Task prompt - Copy word for word the lines of the records below, beginning at the one with "Tese (Doutorado em" and finishing at the one with "REPUBBLICA DI SAN", ends included, but none of the pictures.

Data extract -
----

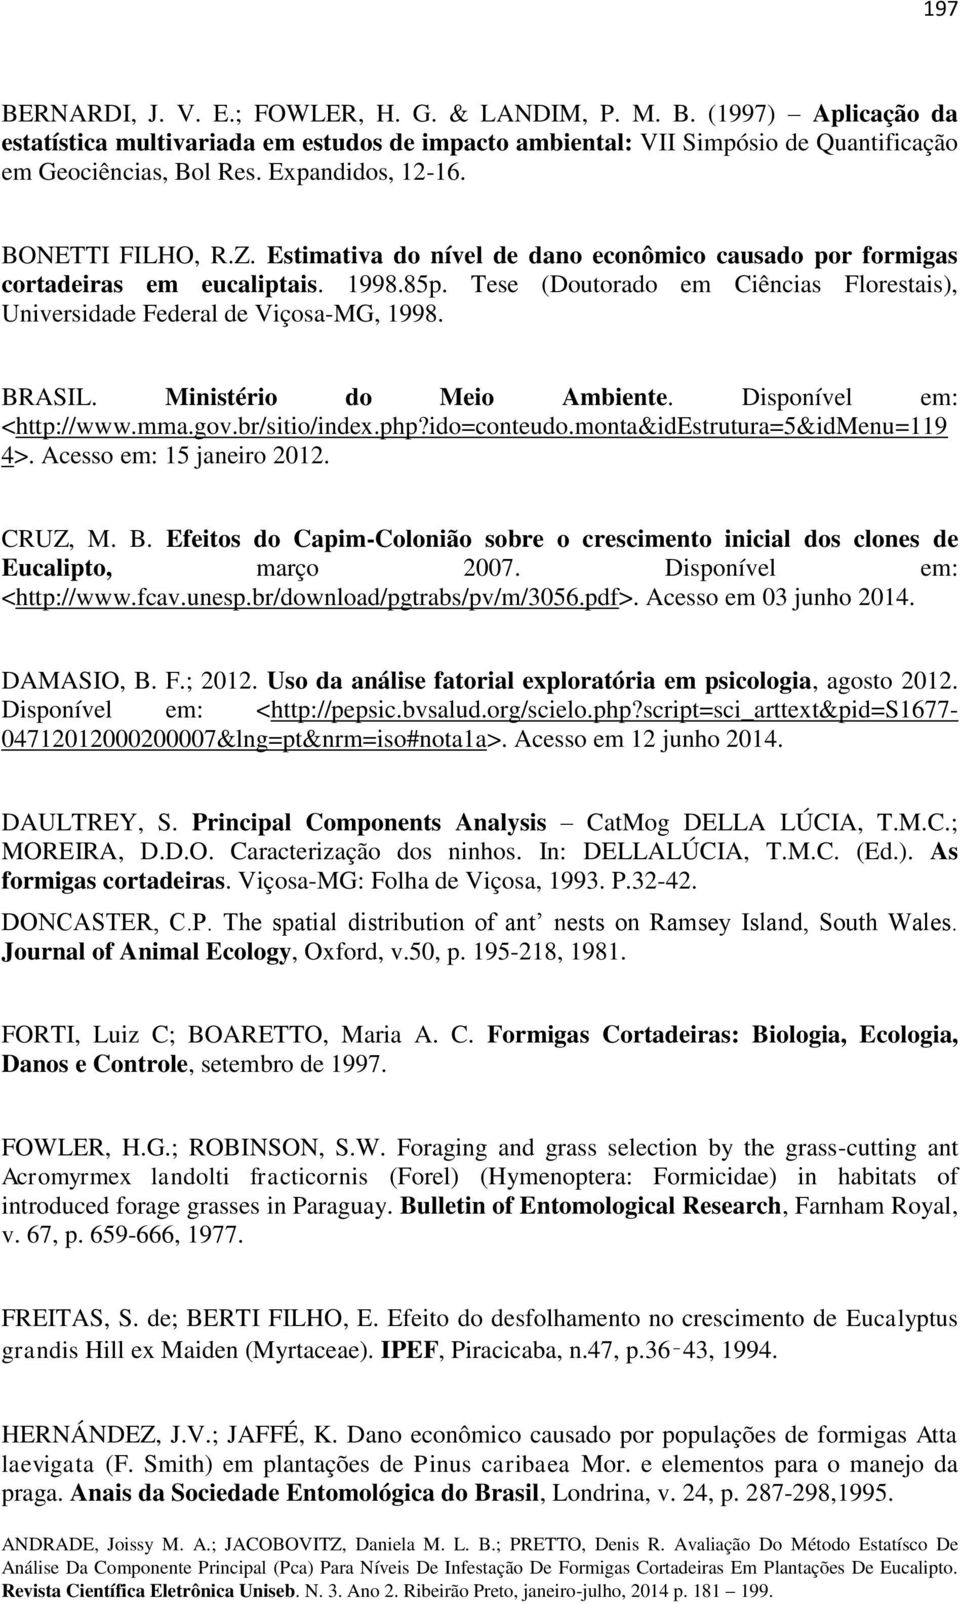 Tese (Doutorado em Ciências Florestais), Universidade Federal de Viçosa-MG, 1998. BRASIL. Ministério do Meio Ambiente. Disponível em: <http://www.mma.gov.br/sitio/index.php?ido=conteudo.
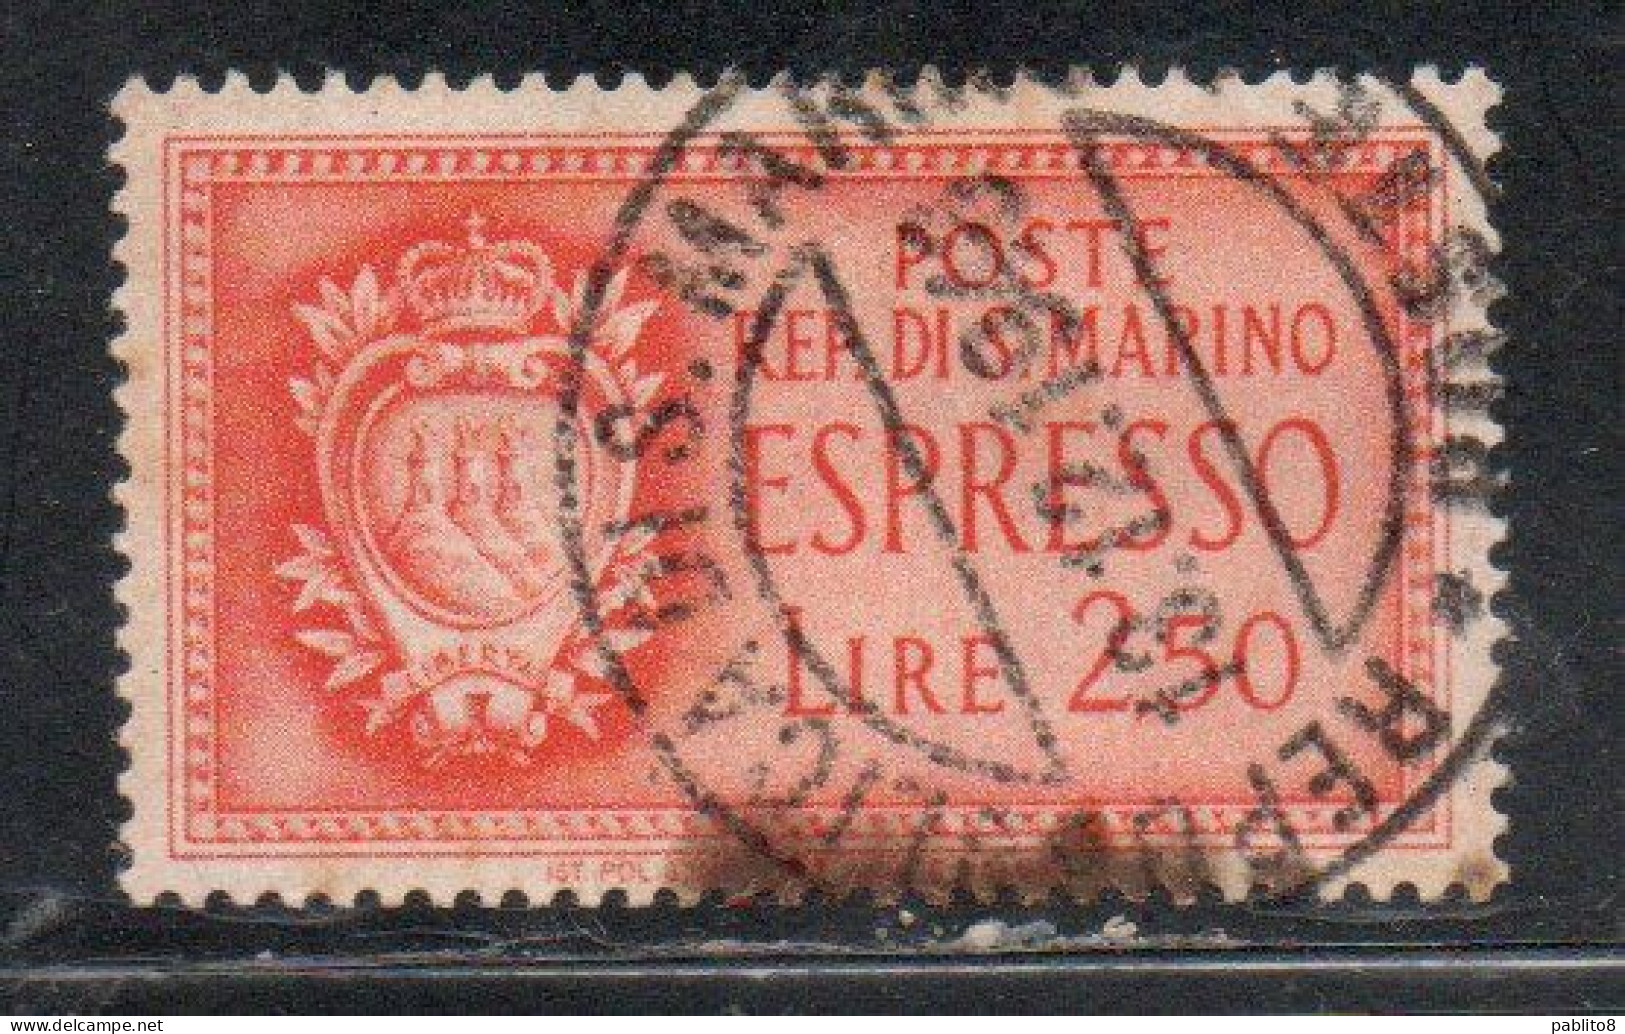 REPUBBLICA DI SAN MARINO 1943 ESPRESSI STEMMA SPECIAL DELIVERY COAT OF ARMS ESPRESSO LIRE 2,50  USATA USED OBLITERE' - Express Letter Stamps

----

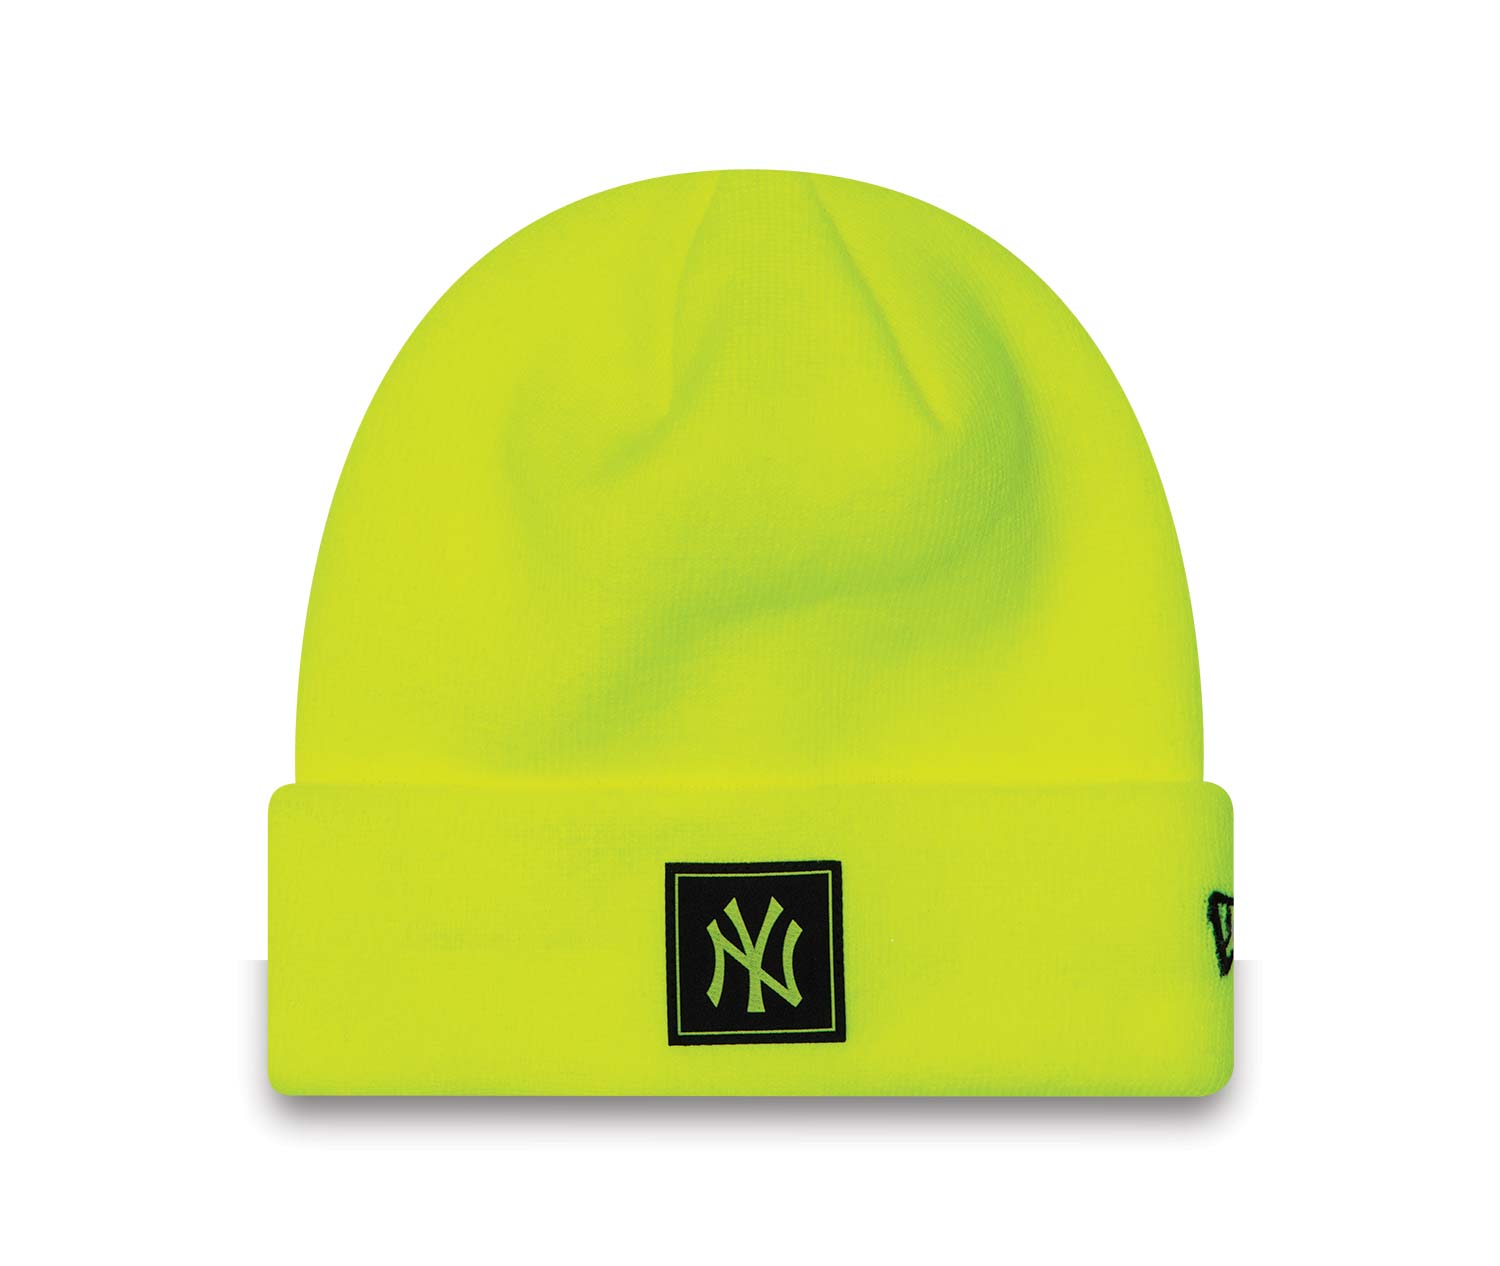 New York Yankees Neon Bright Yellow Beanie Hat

----

Exercise answer -
 Tese (Doutorado em Ciências Florestais), Universidade Federal de Viçosa-MG, 1998. BRASIL. Ministério do Meio Ambiente. Disponível em: <http://www.mma.gov.br/sitio/index.php?ido=conteudo.
 REPUBBLICA DI SAN MARINO 1943 ESPRESSI STEMMA SPECIAL DELIVERY COAT OF ARMS ESPRESSO LIRE 2,50  USATA USED OBLITERE' - Express Letter Stamps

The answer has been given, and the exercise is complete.